- Location of Lalpur, Ranchi
- Country: India
- State or Union Territory: Jharkhand
- City/Metro/Town: Ranchi

= Lalpur, Ranchi =

Lalpur is a major suburb in Ranchi, Jharkhand, India. It is an upscale mixed used commercial - residential mixed used suburb neighbourhood in Ranchi. This is one of the major, main and important commercial suburbs of the city. The PIN code of Lalpur is 834001.

This place has a number of shopping malls and shopping complexes. Here is the famous Nucleus shopping mall. Numerous markets and marketplaces are located in this area. As a result a lot of garbage is also generated and sometimes piles up on the roadside.

Lalpur is one of the major commercial areas of the city along with Hindpiri, Lower Bazar and Upper Bazar. There are many hotels in Lalpur, and this locality houses many commercial properties and residential properties. Here are two famous and popular cinemas, and a number of hospitals and clinics. The roads were crowded and traffic jams were common and the former chief minister Arjun Munda proposed to build a flyover and allotted Rs.29 crore and as of 2019 the work did not begin.

== Intersections ==

=== Lalpur Chowk ===
Lalpur Chowk, an important locality of Lalpur, Ranchi, Jharkhand state, is an intersection of Circular Road and Old Hazaribagh Road (Old HB Road). The word chowk is a Hindi word meaning intersection. The area has several shops and important commercial establishments. Circular Road ends at the subsequent chowk, namely, Dangratoli Chowk, where it meets Purulia Road. In the opposite direction, the Circular Road takes one to Kutchery area of Ranchi. From there, it forks to Ratu Road and Kanke Road. Old HB Road continues until it meets the new Hazaribagh Road. In the opposite direction it leads to Firayalal chowk, which is also one of the busiest intersections in Ranchi. Lalpur Chowk also leads to Peace Road.

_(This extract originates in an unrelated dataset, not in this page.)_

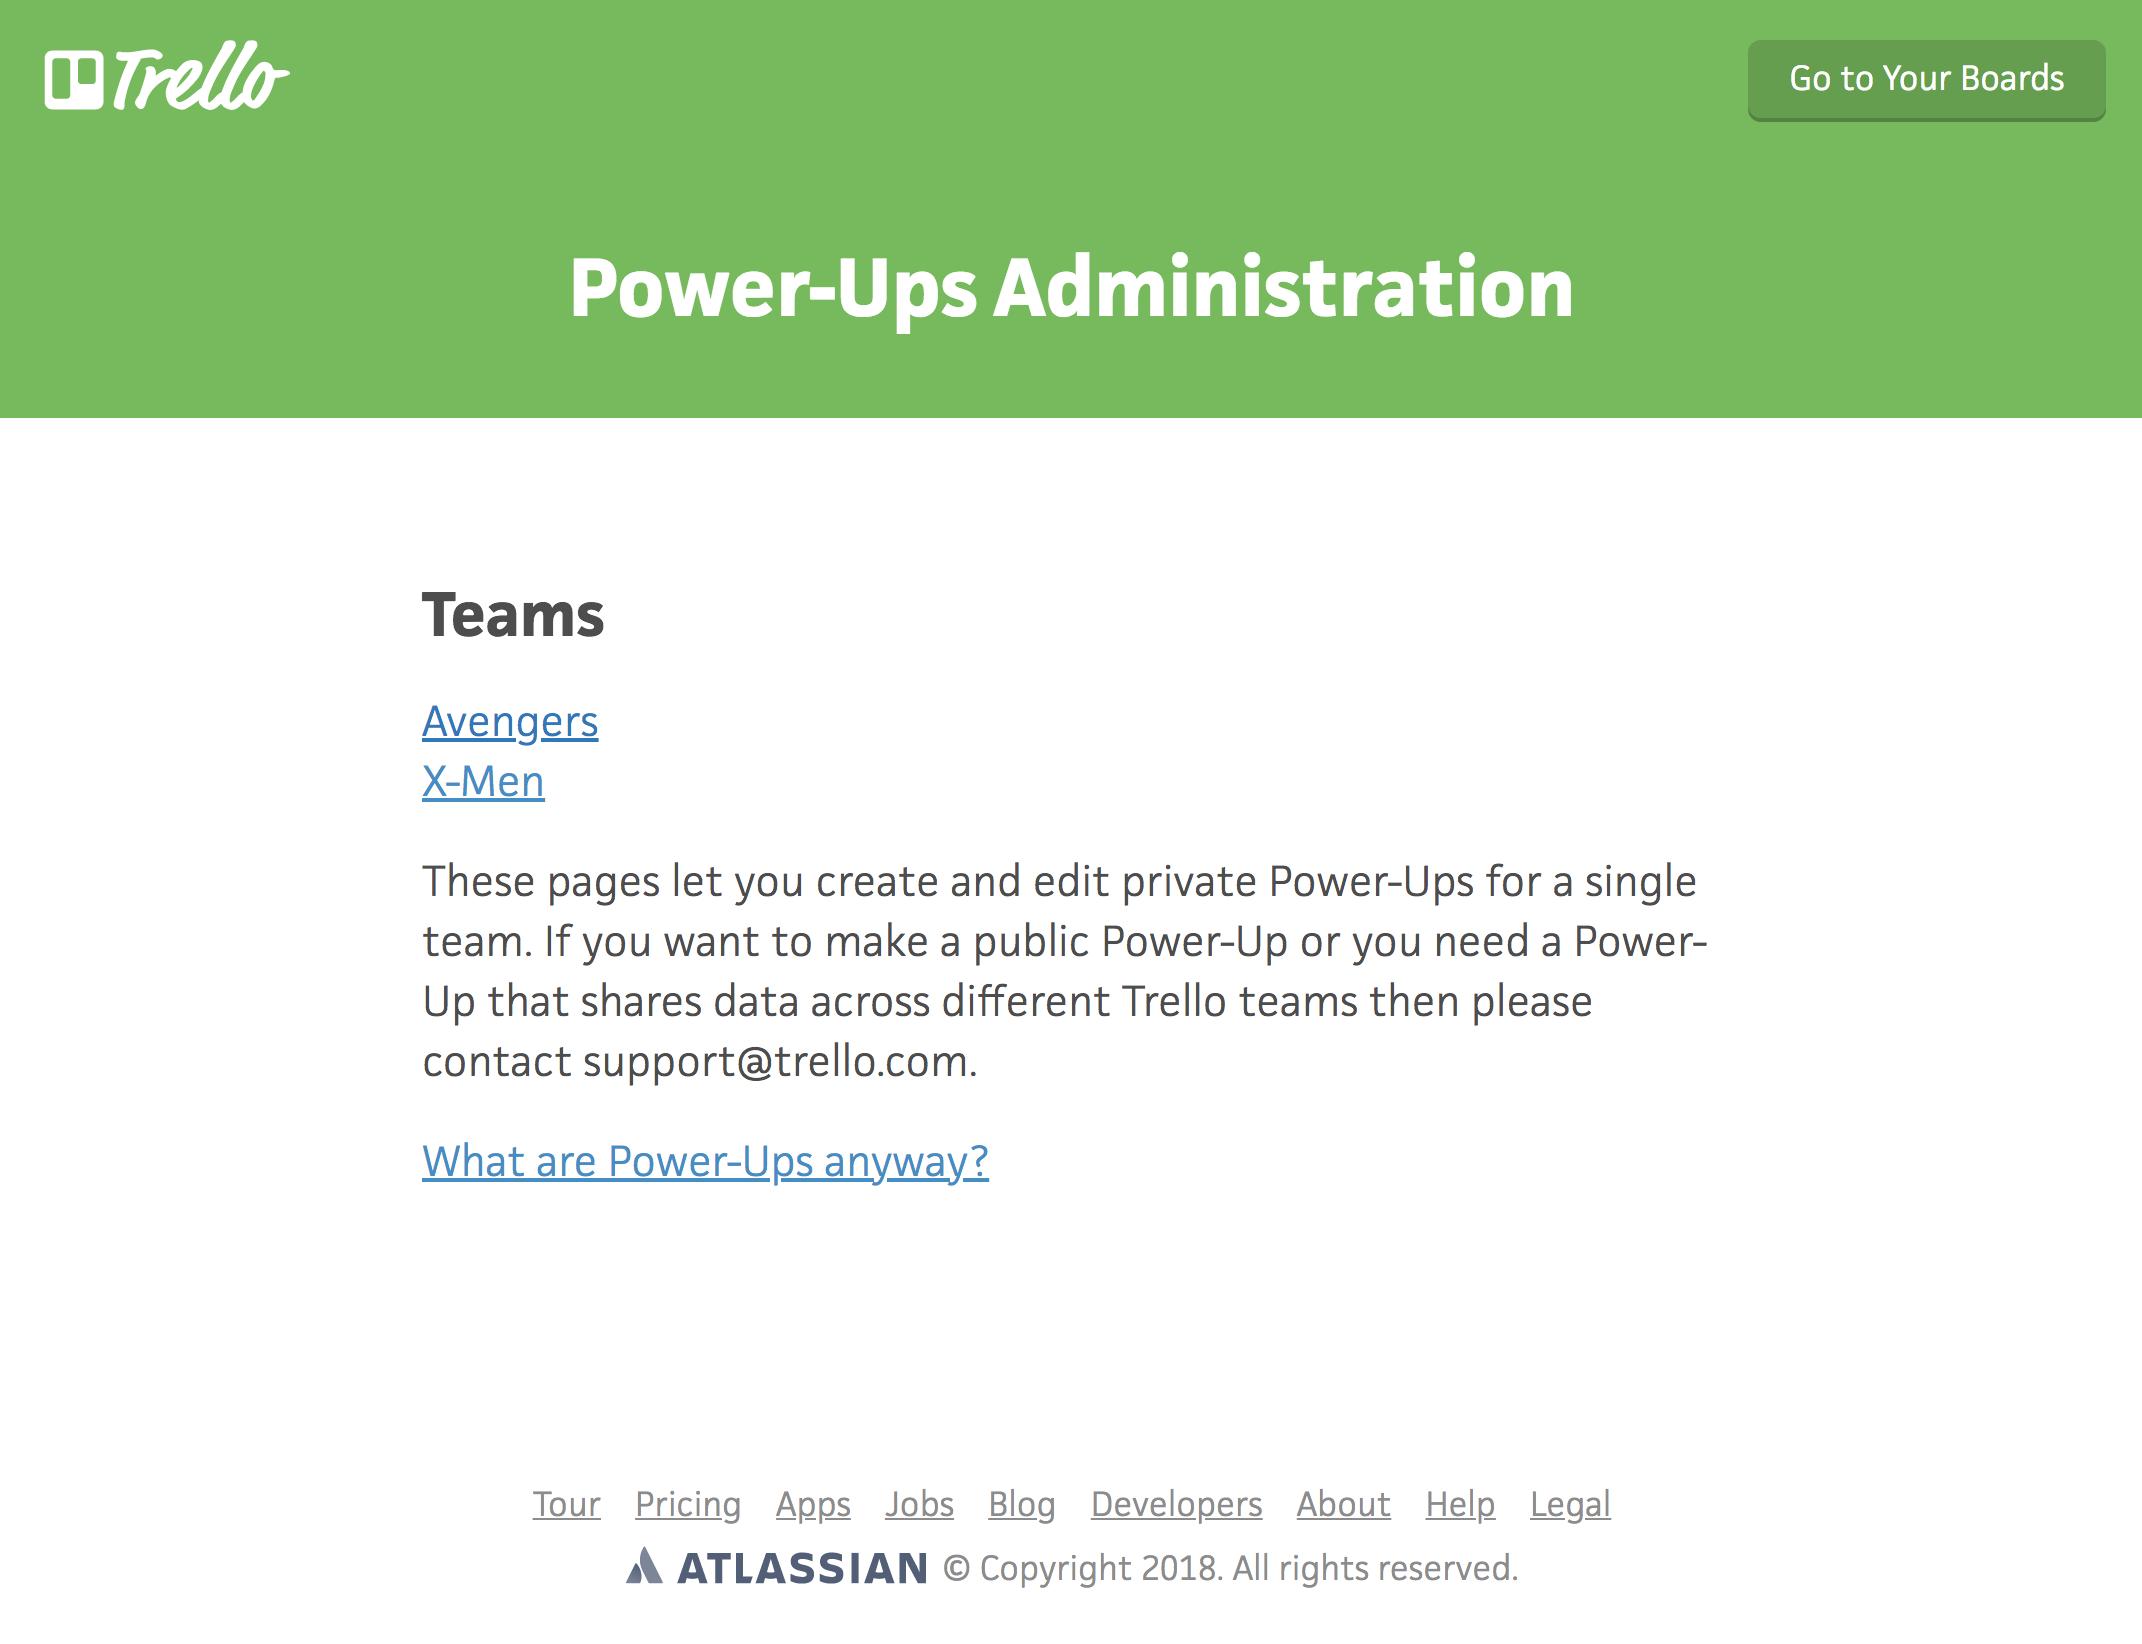 managing power-ups

There are major residential areas around Lalpur chowk: Burdwan Compound, BSNL colony, PN Bose Compound, etc. Burdwan Compound has a large population of Bengalis. Burdwan Compound is so named because it was the estate of the Bardhaman Raj, today a part of the West Bengal state in India.

== Commerce ==
Nucleus Shopping Mall in Lalpur is one of the largest and most popular shopping malls in the city of Ranchi. This mall was established in 2017.